Бросила она дочь в ступу и стала толочь. Девушка стала молить о пощаде, но та ее и слушать не хочет, все толчет и толчет, потом вынула из ступы кости, сложила их в корзинку и отправилась в город, где чинят людей.
Она шла, шла и пришла на место, где варилась похлебка.
— Похлебка, покажи мне дорогу в город, где чинят людей,— попросила она, а похлебка отвечает:
— Сначала съешь меня. А женщина и рада:
— Меня не надо просить дважды,— говорит. Села и съела похлебку.
Через некоторое время она пришла на место, где жарилось мясо, и попросила:
— Мясо, мясо, покажи мне дорогу в город, где чинят людей.
Мясо говорит:
— Сначала съешь меня.
— Меня не надо просить дважды,— отвечает женщина, села и съела мясо.
Идет она дальше, идет и увидела фуфу, которая сама себя помешивала в горшке.
— Фуфу, фуфу, покажи мне дорогу в город, где чинят людей.
— Сначала съешь меня,— отвечает фуфу.
— Меня не надо просить дважды,— повторила женщина и вмиг расправилась с фуфу.
Наконец пришла она в город, где чинят людей. Ее спросили:
— Что тебя привело сюда? Она ответила:
— Гиена съела мою девочку.
— Где кости?— спросили ее.
Женщина опустила корзинку на землю и сказала:
— Тут.
— Хорошо, завтра мы починим твою дочку,— пообещали ей.

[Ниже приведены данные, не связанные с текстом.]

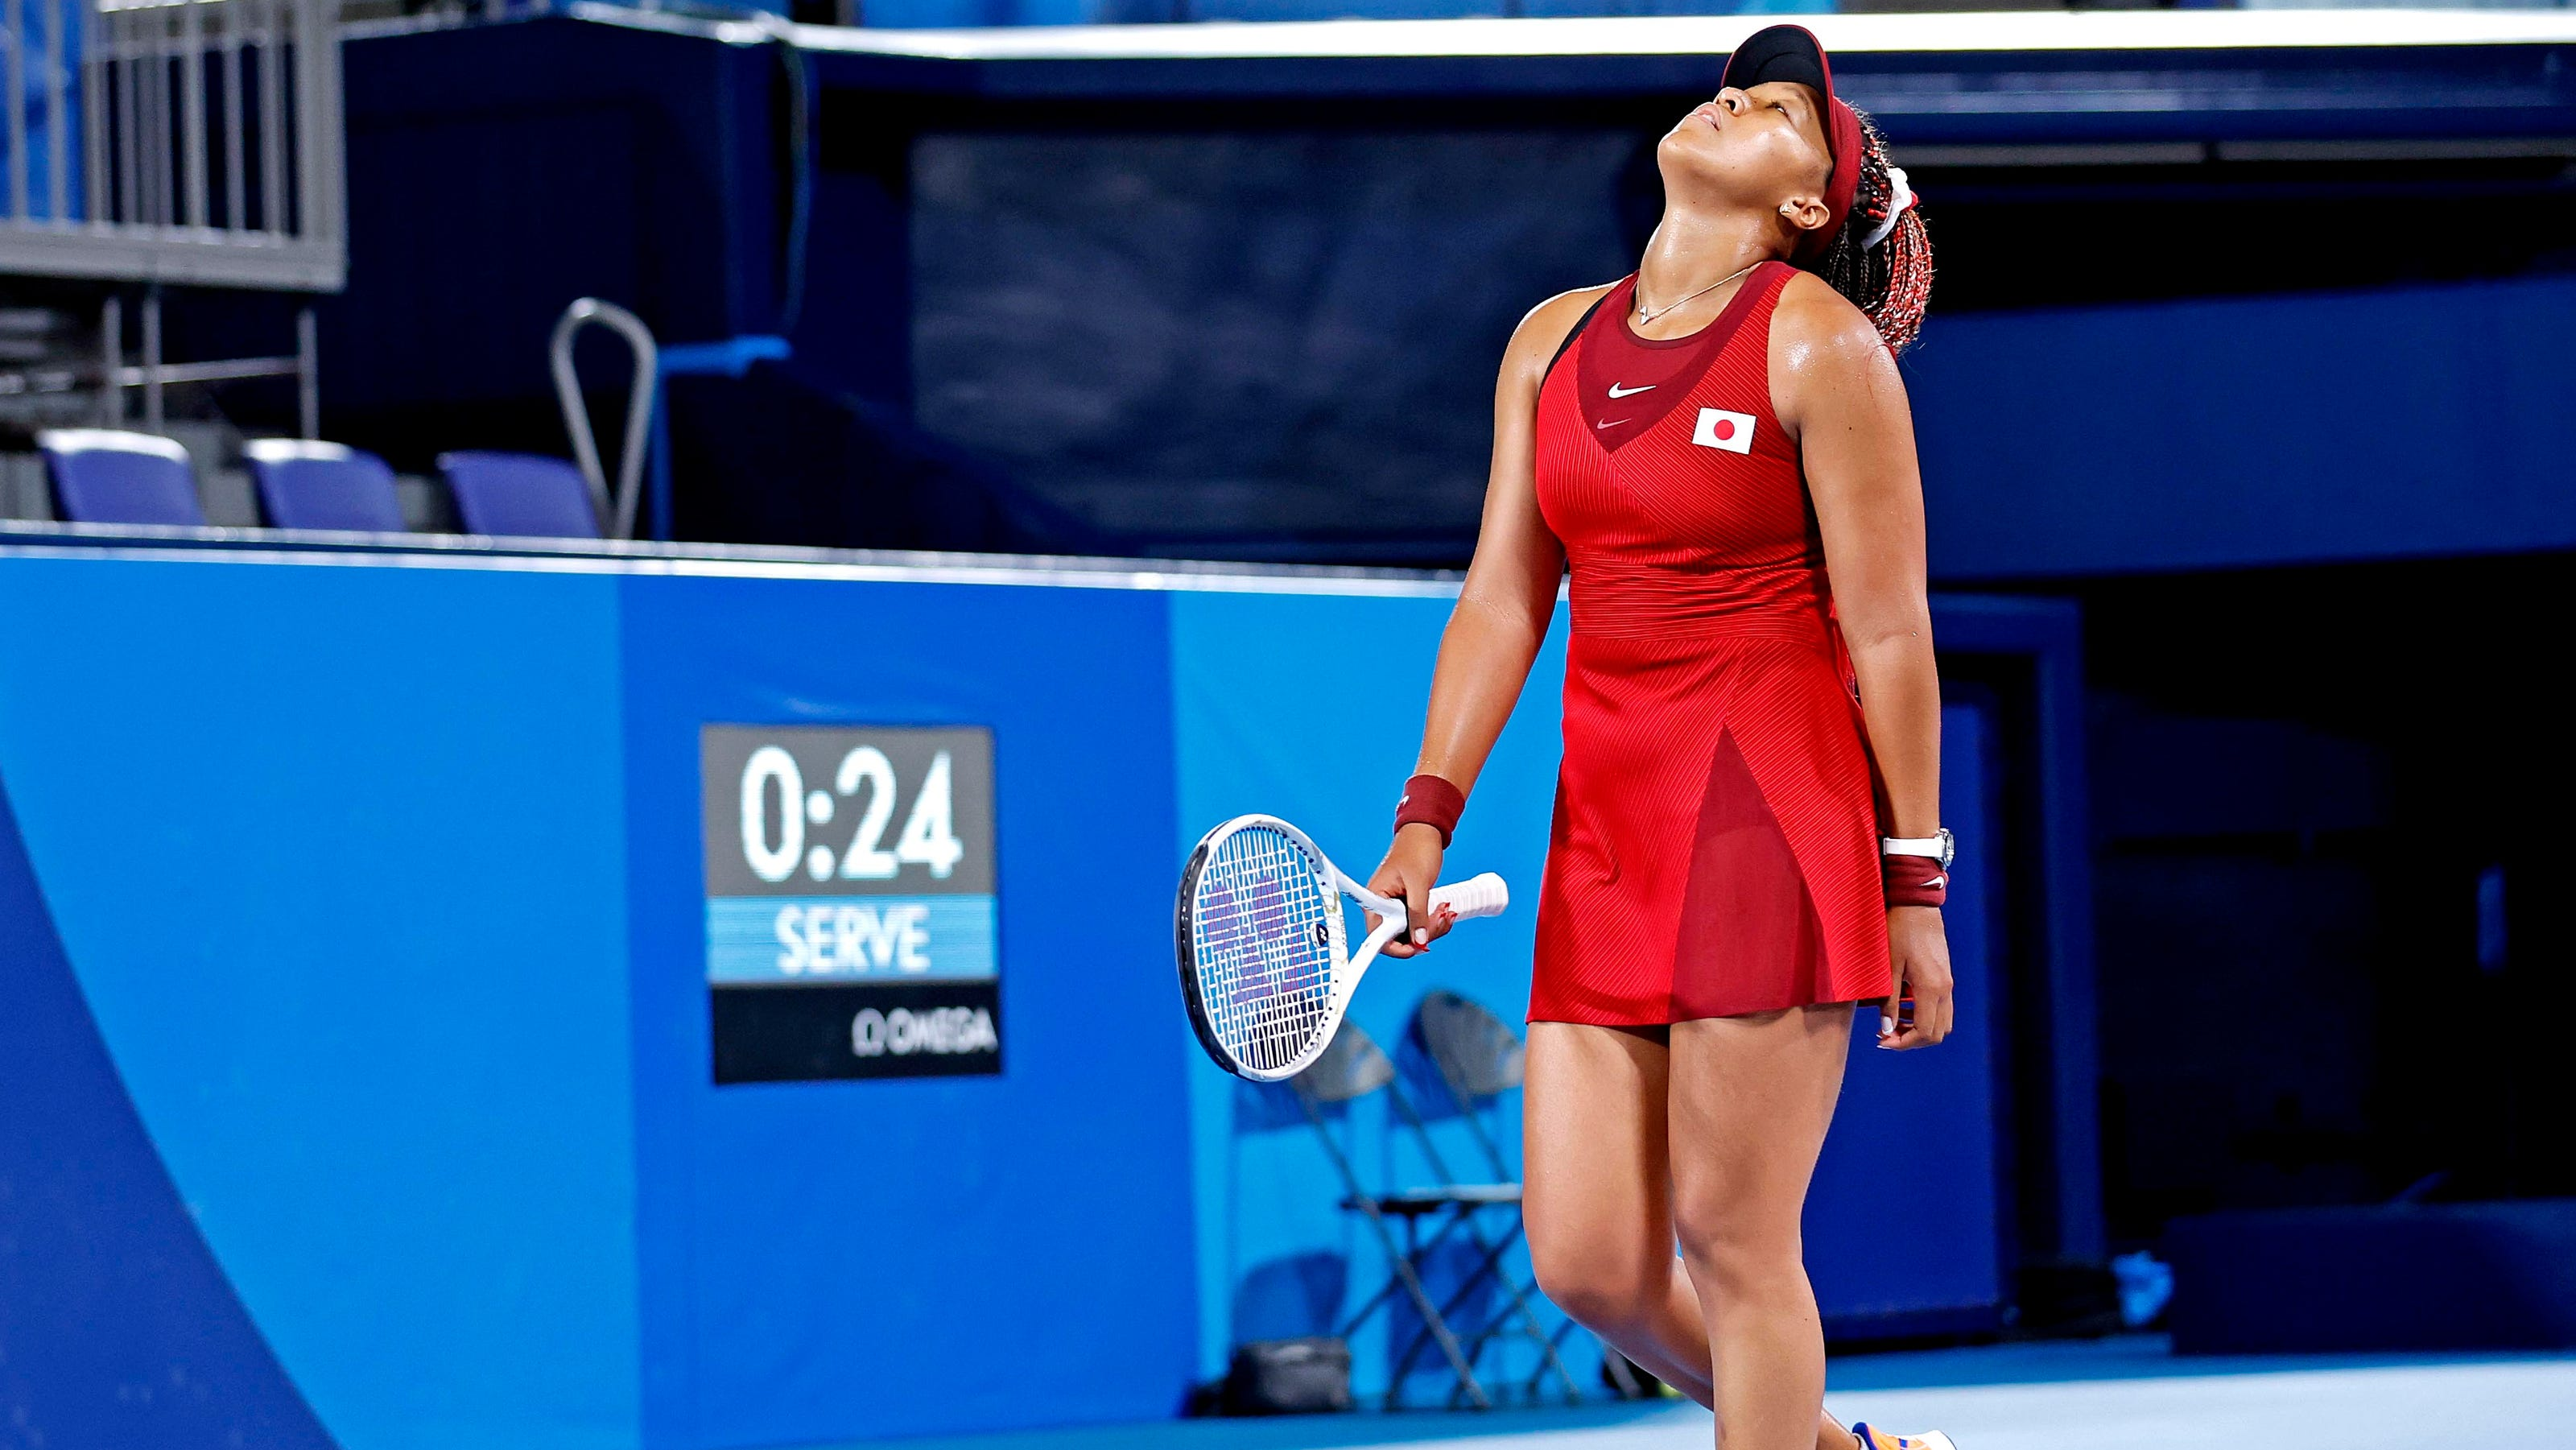 Naomi Osaka upset by Marketa Vondrousova in third-round Olympics women's tennis match

Утром, как и первую женщину, послали ее пасти скот. Погнала она стадо кормиться. Забралась на дерево, нарвала плодов аддувы, отобрала для себя самые спелые, а зеленые скормила скотине. Так она кормила животных весь день, а вечером, когда они возвращались домой и дошли до загона, вожак стада промычал:
У этой женщины злое сердце,
Кое-как почините дочь.
Спутала женщина скот и пошла в хижину, которую отвели ей под ночлег. «Переночуй, а завтра пойдешь домой»,— сказали жители волшебного города.
Наутро они сделали ее дочь однорукой, одноногой, кривобокой. Половины носа вовсе не было. Потом отвели девушку к матери и отпустили восвояси. Миновали они лес, и мать сказала:
— Я тебе не мать!— И убежала вперед, забежала в высокую траву и затаилась.

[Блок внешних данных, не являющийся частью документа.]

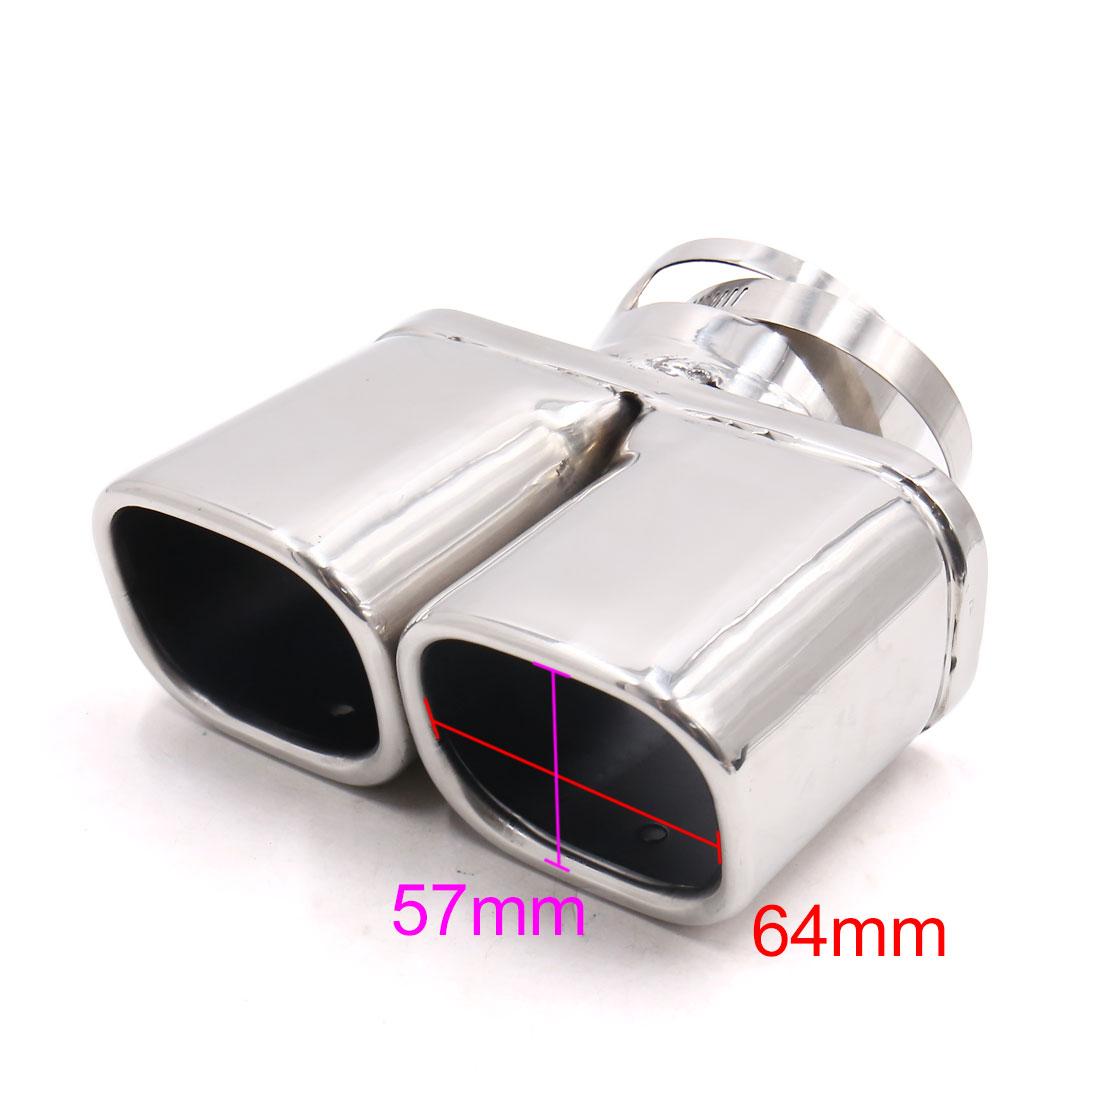 71mm Inlet Inner Diameter Silver Tone Stainless Steel Car Exhaust Pipe Muffler - image 1 de 4

Но дочь-калека шла за ней по следам, нашла и сказала:
— Вставай, пошли дальше. Тогда мать крикнула:
— Убирайся, ты мне не дочь!
— Нет, это ты мне не мать,— отвечает девушка. Мать еще раз убежала от нее, примчалась в поселок и заперлась в своей хижине. Пришла дочь на порог и кличет:
— Мама, это я пришла! А мать молчит.
— Мама, открывай, я пришла!
Не желает мать отпирать дверь калеке, а та взяла и сама открыла. Так и стали они жить вместе, хоть и горько было злой жене видеть, что у другой дочь красавица.
Жил-был на свете крестьянин, одна из жен которого оказалась бесплодной. А для женщины народа йоруба это большое несчастье. Другие жены с утра до ночи глумятся над ней, дразнят, оскорбляют.
Бесплодная жена очень страдала. Она была уже не очень молода, а дети все не рождались и не рождались. Другие жены со свету сживали ее своими насмешками. И наконец несчастная женщина решила пойти к лесному духу просить у него помощи. В этих краях Нигерии все бесплодные женщины так поступают: идут в лес к духу, просят его послать им детей и обещают принести что-нибудь в дар, если дух выполнит их просьбу.
Отчаявшаяся женщина пообещала духу необычный дар. Другие ему приводили коз и овец, а вот она поклялась, что отдаст духу своего первенца, хотя никто ее не неволил, да и скота у нее хватало. Однако слово есть слово, пусть даже самое необдуманное, надо его держать, таков уж обычай.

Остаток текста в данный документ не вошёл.